И при всем том… как писатель я чувствовал себя зависшим в безвоздушном пространстве. Я только-только отослал своему издателю законченный недавно роман и обдумывал новый. Тут поневоле начнешь сомневаться во всем и вся. Куда двигаться дальше? Какую тему избрать? Какой должна быть форма повествования? Мнительность автора достигает апогея — а что вообще сейчас творится в норвежской литературе? Что пишут в других странах?
II
В своем следующем романе я хотел подступиться к проблеме «Что есть Норвегия?». Я сидел под жакарандой[2], предаваясь размышлениям о «норвежскости», и тут почтальон принес мне открытку:
Жду около водопада Виктория. Тема беседы: мировая литература.
С наилучшими пожеланиями,
Космополит
Что ж, похоже, все было решено за меня. А мне только и оставалось, что следовать инструкциям: вылет ближайшим самолетом, в гостинице «Виктория» ждет номер, забронированный на мое имя…

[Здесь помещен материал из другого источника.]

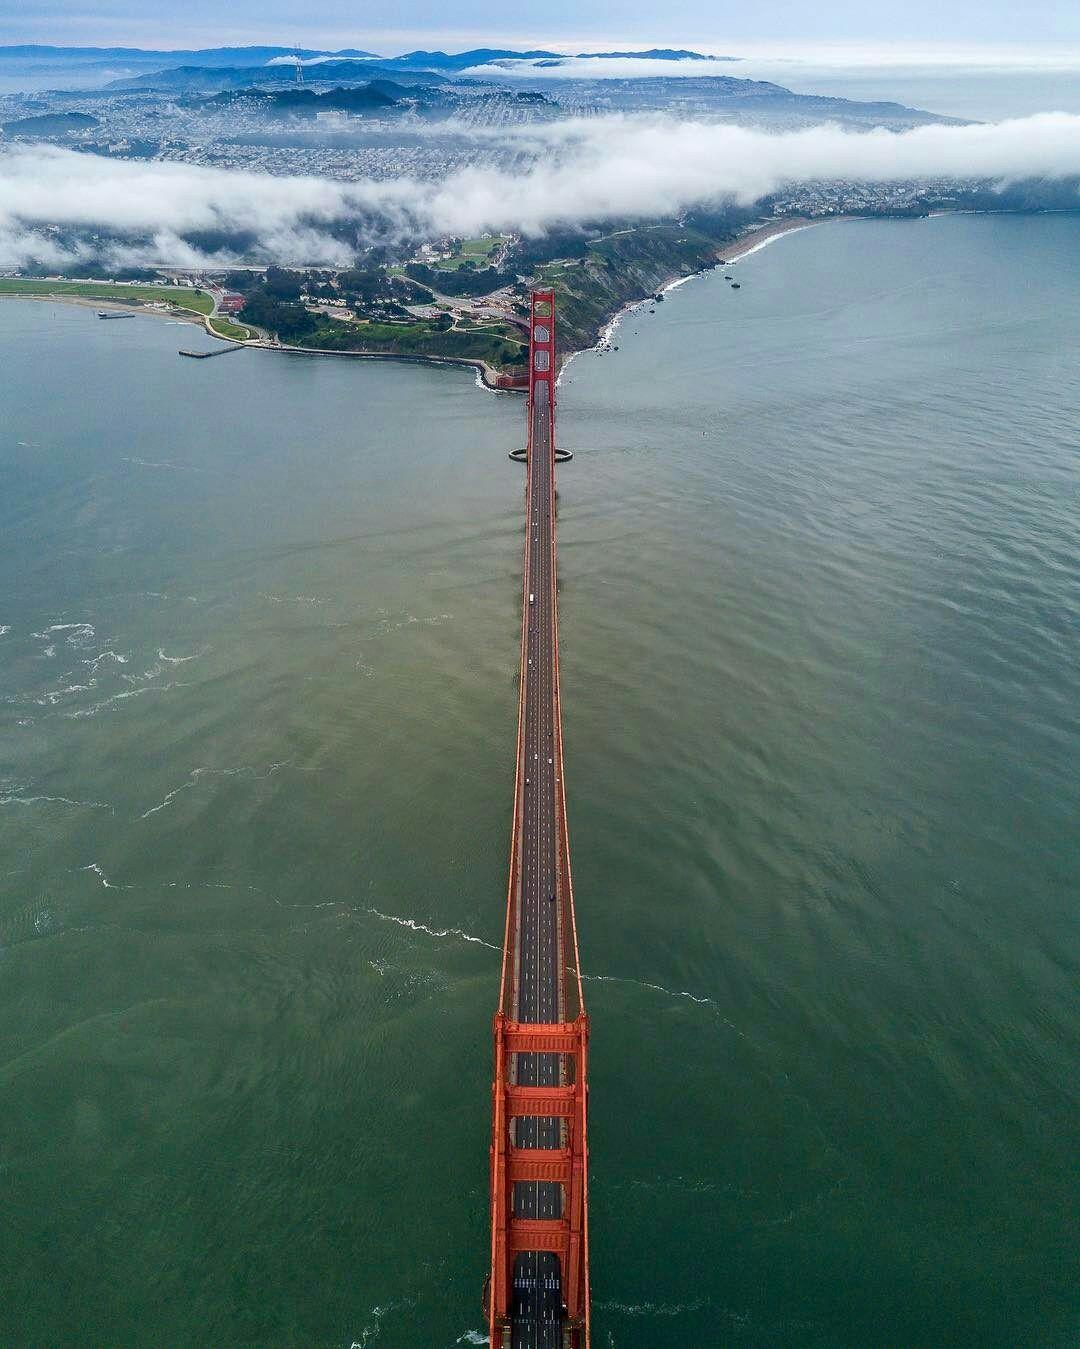 Golden Gate Bridge by Cliff Wang

С террасы гостиницы открывался прекрасный вид на водопад: водяная взвесь, висящая в воздухе, мост в Замбию, перекинутый над пропастью. Я уже подумывал, не нанять ли мне самолетик и не облететь ли водопад — здесь это называют «Полетом ангелов»[3], — как вдруг передо мной возник загорелый мужчина, весьма напоминающий индуса. Мы обменялись крепким рукопожатием. «Пер Гюнт», — представился мой визави. Будучи писателем, перестаешь удивляться чудесам. Вместо того чтобы недоуменно приподнимать брови, я поинтересовался, почему местом встречи он избрал эту старинную гостиницу. «Просто она напоминает гостиницу «Трамонтано» в Сорренто, где Ибсен заканчивал «Пер Гюнта». Ну, и — водопад. Стимулирует воображение: поневоле начинаешь мыслить масштабно. Кстати, именно об этом я и хотел поговорить — о воображении». Прежде чем я успел открыть рот и произнести хоть слово, мой собеседник разразился длиннейшей тирадой. Боюсь, мне придется привести ее здесь в сильно смягченном виде.
— Что за черт! Что там у вас творится с норвежской литературой? — набросился он на меня. — Вы что, совсем разучились лгать?!
Оказывается, все наши потуги лгать так жалки, что мы, чуть оторвавшись от реальности, камнем падаем на землю… Где наше воображение, где наш полет фантазии?! Это даже не прыжок с парашютом, это — стремительное падение. Где магия? Где волшебство? Все, что мы пишем, приземленно, плоско, одномерно. Банал на банале. Да уж… Реальнее некуда!
Все это… до тошноты… — он подыскивал слово… — правдиво! Вы не писатели, вы — журналюги! Репортеры на похоронах! — разглагольствовал он на непричесанном, но весьма точно передающем суть мысли норвежском.
И дальше: мы так неумело лжем, что боимся собственной тени. Где наша вера в себя? Где дерзость в выборе тем? Вспомните грандиозные картины, нарисованные в «Пер Гюнте»! А мы — мы выдаем какие-то миниатюрки. Сплошное мелкотемье. Сплошной моральный оппортунизм. Все так беззубо, так серо, так предсказуемо. Все это уже сто раз слышано, сто раз читано. Набило оскомину!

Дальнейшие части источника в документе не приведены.